This February and March (and a little bit of April), we’re taking a look at the 1995 to 1996 season of Star Trek, including Star Trek: Deep Space Nine and Star Trek: Voyager. Check back daily for the latest review.

To the Death continues the late fourth season shift in focus back towards elements unique to Star Trek: Deep Space Nine.

At the end of the third season, the production team found themselves receiving notes and input from the network, who wanted Deep Space Nine to go in a different direction. The writing staff on Deep Space Nine were willing to compromise, and took some of the network input on board. As a result, The Way of the Warrior added Worf to the cast and brought the Klingons back to the fore. However, it was clear that Deep Space Nine was not particularly interested in telling a long-term story about new hostilities between the Federation and the Klingons.

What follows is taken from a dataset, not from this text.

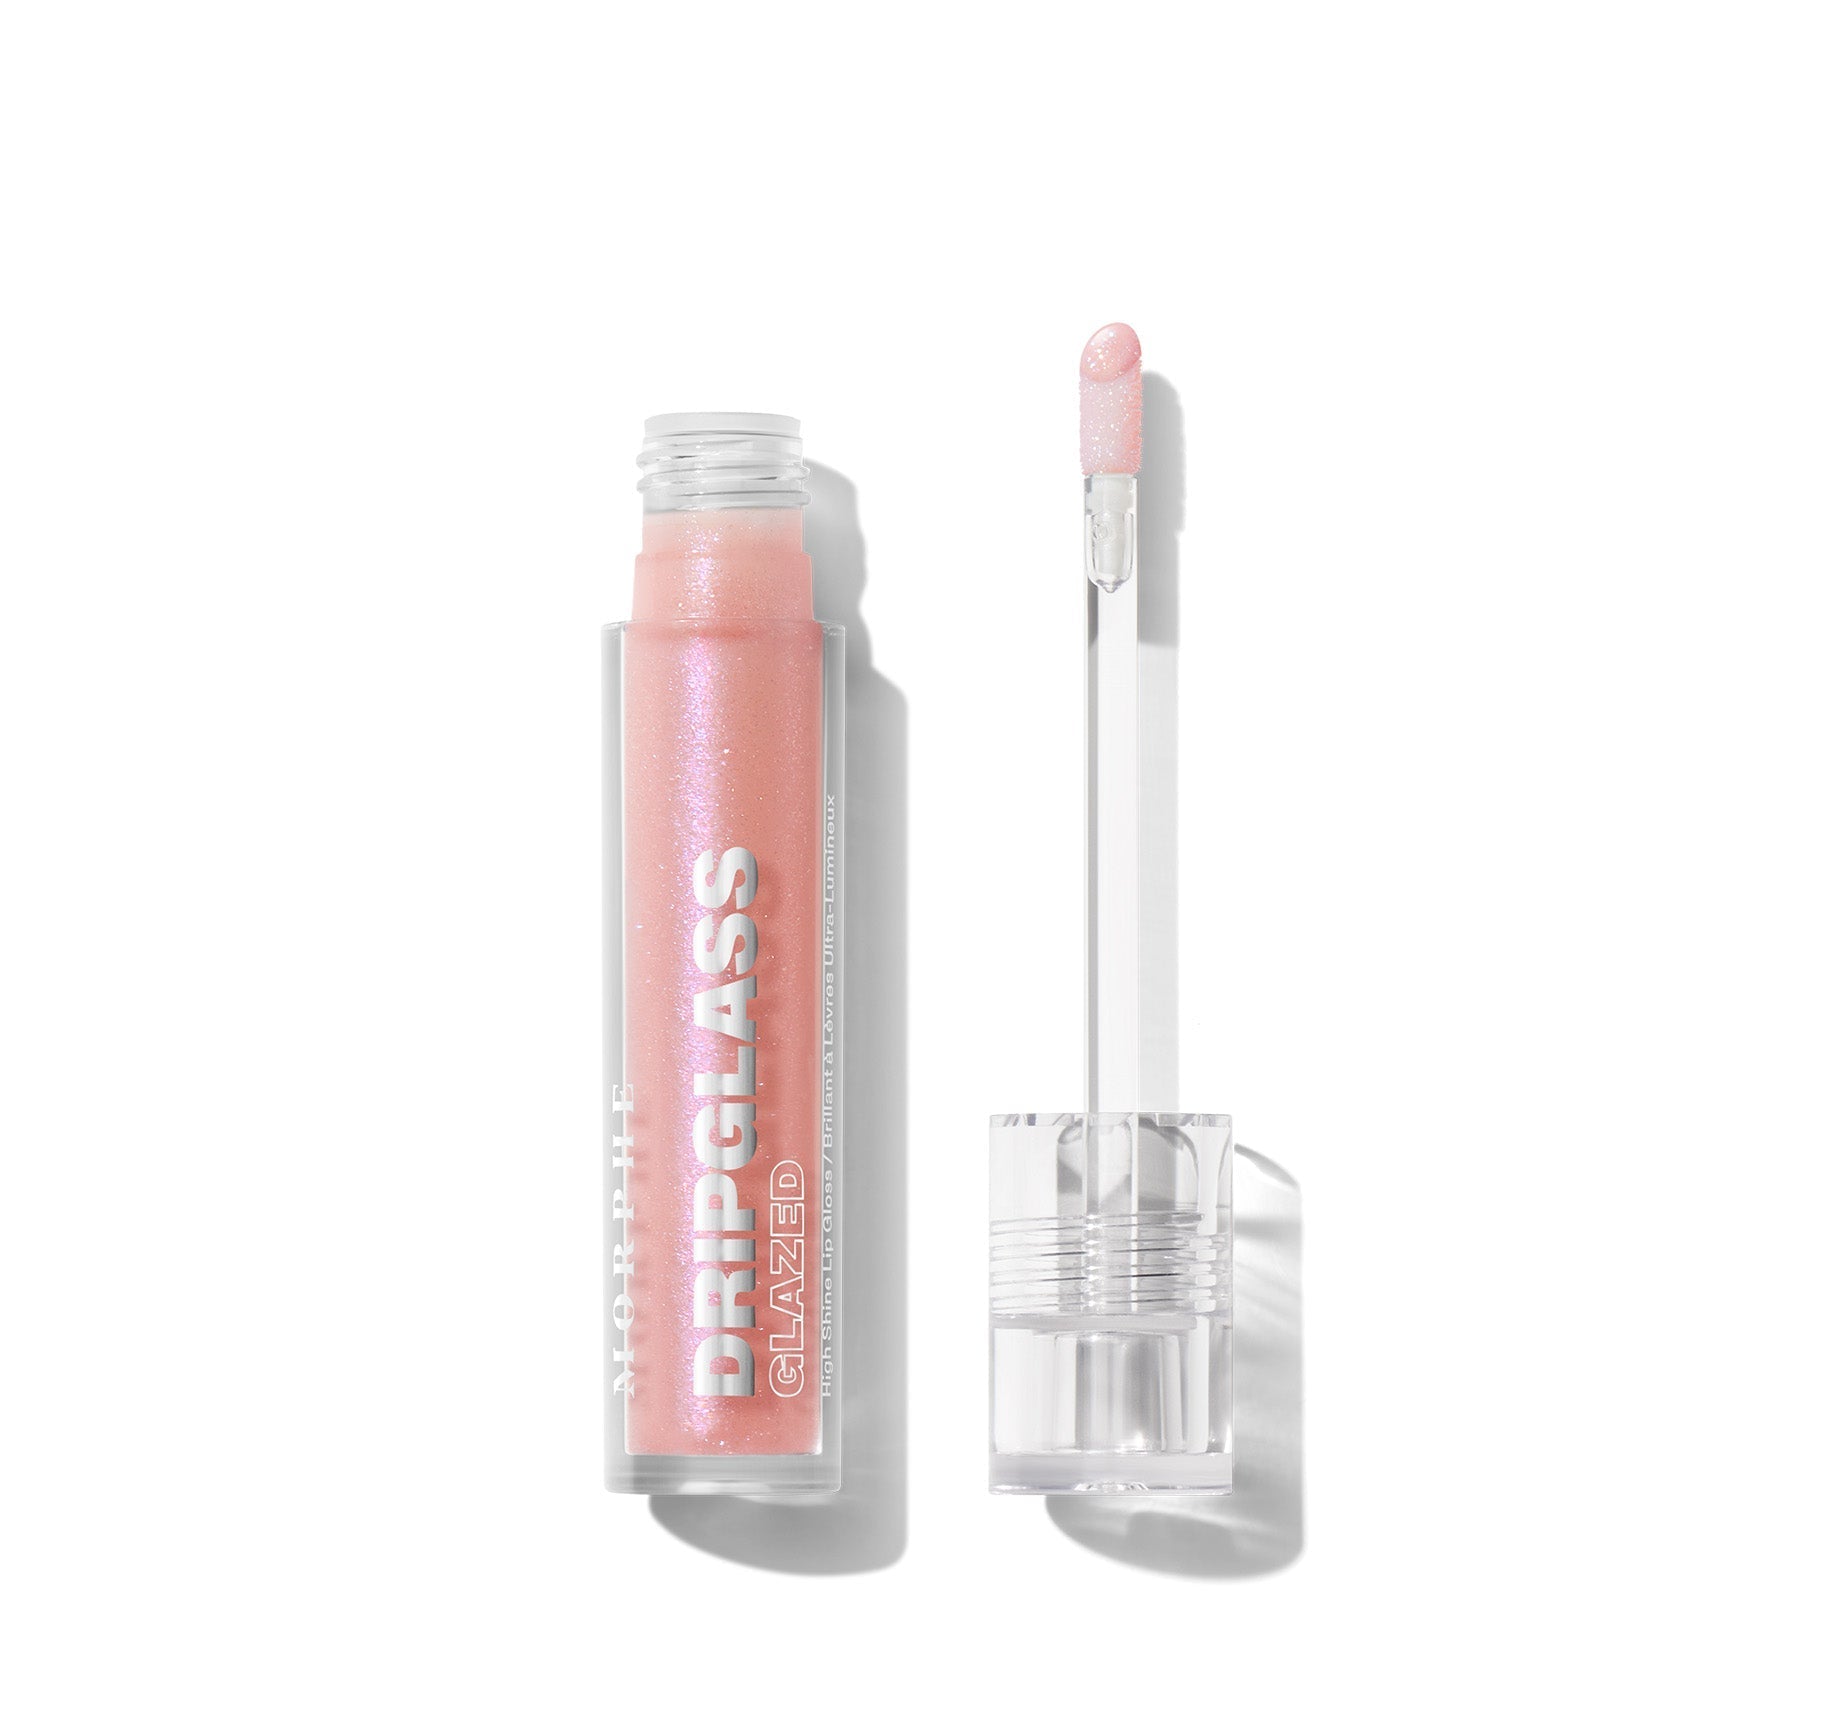 Aurascape Dripglass Glazed Highshine Pearlized Lip Gloss - Frose Bliss - Image 1

The Weyoun of the Warrior...

The Weyoun of the Warrior…

Over the course of the fourth season, the writing staff’s original plans and interests began to reassert themselves in an organic and logical manner. A story similar to Homefront and Paradise Lost had originally been planned to bridge the third and fourth seasons; instead, it was pushed back to almost half-way through the fourth seasons. The Bajoran religion was still the focus of Accession. Gul Dukat received a character arc in Indiscretion and Return to Grace. The Jem’Hadar got a focus episode in Hippocratic Oath. Ferengi politics popped up in Bar Association.

However, these aspects of the show really galvanise towards the end of the fourth season, with the production team really focusing on the elements that had been important during the third season and which would become even more important during the fifth season. For the Cause marked the return of the Maquis as a political player. Body Parts focused on Ferengi culture. However, three of the season’s final four episodes focus on the Dominion, working to reestablish the Dominion as the most credible of threats and the show’s primary antagonists.

Boy, does Sisko ever break out the welcome wagon...

Boy, does Sisko ever break out the welcome wagon…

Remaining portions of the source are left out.